05% Tween 20. Blots were washed and incubated for 30 minutes with a secondary antibody HRP selleck chem conjugate. Washed blots were Inhibitors,Modulators,Libraries incubated for one minute with chemiluminescent substrate and visualized using a GBOX HR50 molecular imaging sys tem. Syngene GeneSnap imaging Inhibitors,Modulators,Libraries and analysis software was used to quantify and normalize replicate analyses of plasma protein levels. Results Plasma proteomic differential expression analysis Many plasma proteins were differentially expressed simi larly among multiple SAID as evidenced by comparisons of the discordant MZ twins and unrelated, matched controls. Examinations of subjects stratified by diagnosis did Inhibitors,Modulators,Libraries not reveal any significant disease specific alterations among these differentially expressed proteins.
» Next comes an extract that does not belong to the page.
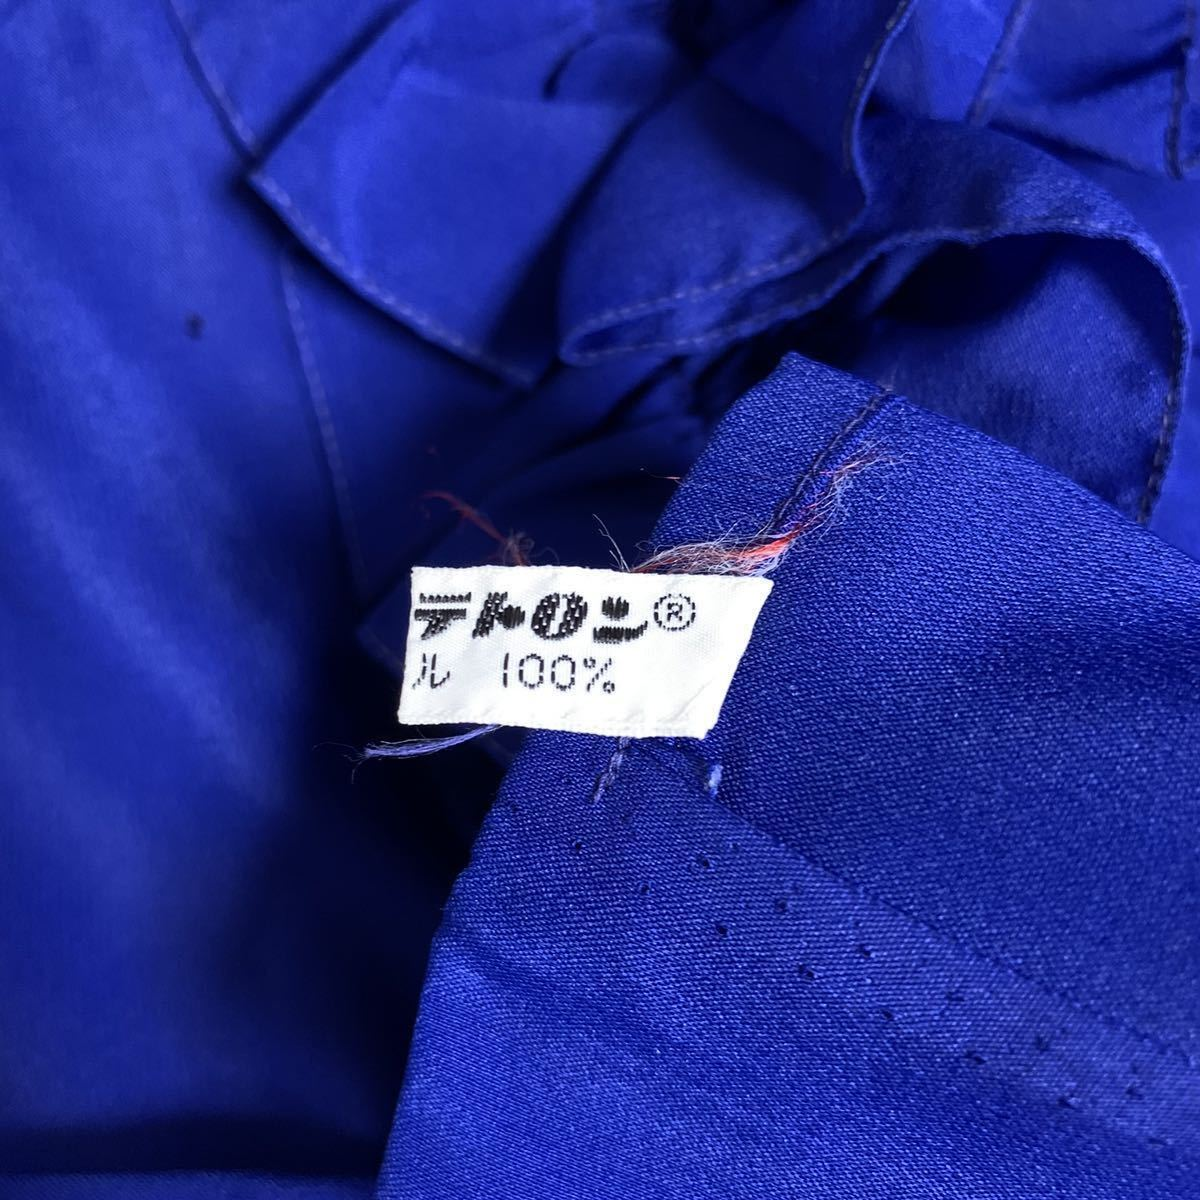 長袖 シャツ ブラウス 無地 シンプル フリル 青 ブルー
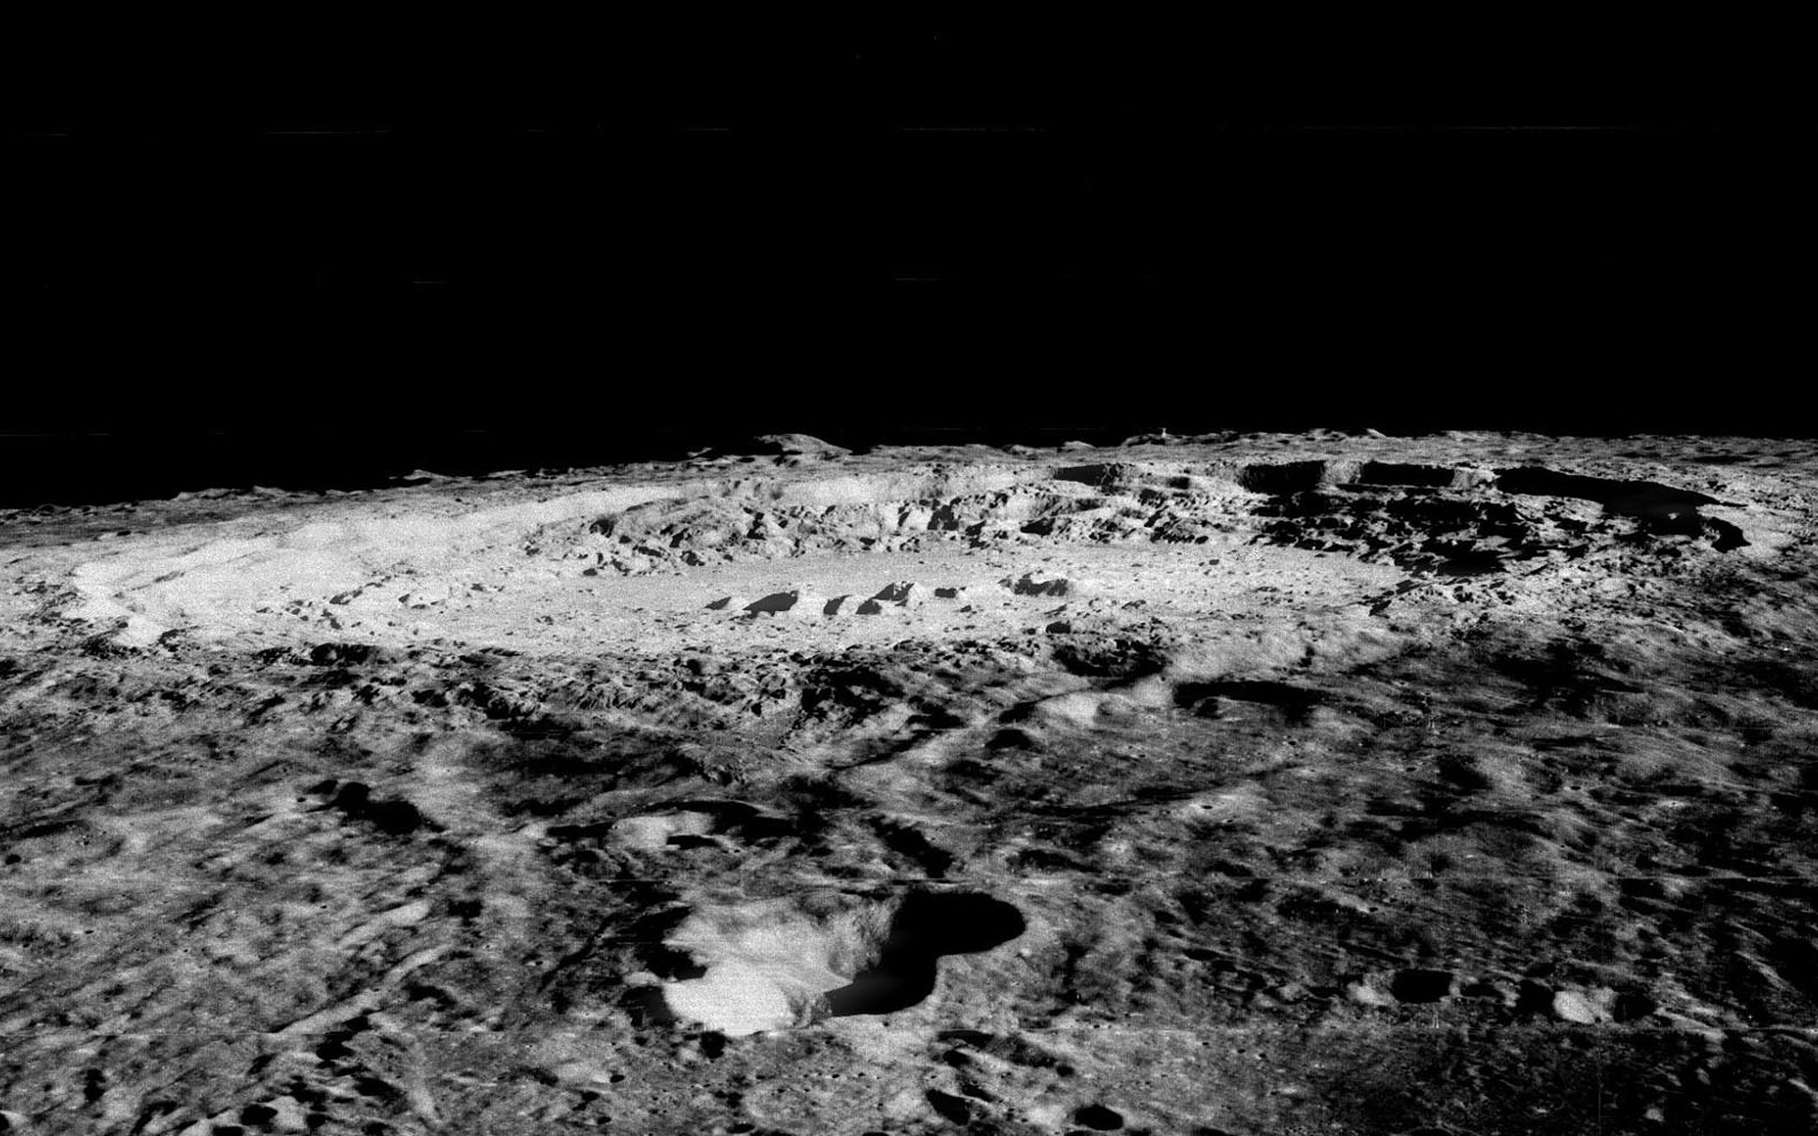 La Lune est constellée de centaines de milliers de cratères. Des chercheurs ont développé un outil basé sur l'intelligence artificielle capable de les détecter. L'IA a trouvé 6.000 nouveaux cratères. © Nasa, JPL, USGS

Plasma proteomic profiles differentiat ing these three study groups comprised several func tional categories including structural proteins, protease inhibitors, immune response related, transporters, acute phase reactants, catalytic, coagulation and tran scriptional factors. As expected, the majority of plasma proteins identified were of extracellular origin Inhibitors,Modulators,Libraries while the remainder was derived from var ious subcellular compartments. To illustrate these differential proteomic profiles, a Venn diagram depicting the inter relationships of plasma protein profiles from each of the three two group comparisons is shown in Figure 1. In this illustra tion, it is clear that comparisons of affected twins vs. either unaffected twins or unrelated, matched controls Inhibitors,Modulators,Libraries produced more complex profiles of differential protein expression relative to the comparison of unaffected twins vs.
unrelated, matched controls. Relative to affected twins, it appears that the profile of unaffected twins more closely resembles that of unrelated, matched controls suggesting that disease status rather than genetic similarity between MZ twins might account for some differences in the number and magnitude selleck chem inhibitor of plasma protein levels detected differentially among the three study groups. A smaller number of proteins were the only protein markers shared uniquely among the discordant twin pairs. In cases involving comparisons of affected twins to either unaffected twins or unrelated controls, multiple acute phase reactants and markers of immune activation are apparent. The PON1 gene product, paraoxonase 1, was the only marker exhibiting significant differences in expression levels in each of the three two group com parisons. PON1 levels were reduced in the plasma of affected cases compared to either unaffected twins or unrelated, matched controls. Two additional markers, RBP1 and LRG1, were detected at modestly increased levels in affected twins compared to either unaffected twins or unrelated controls.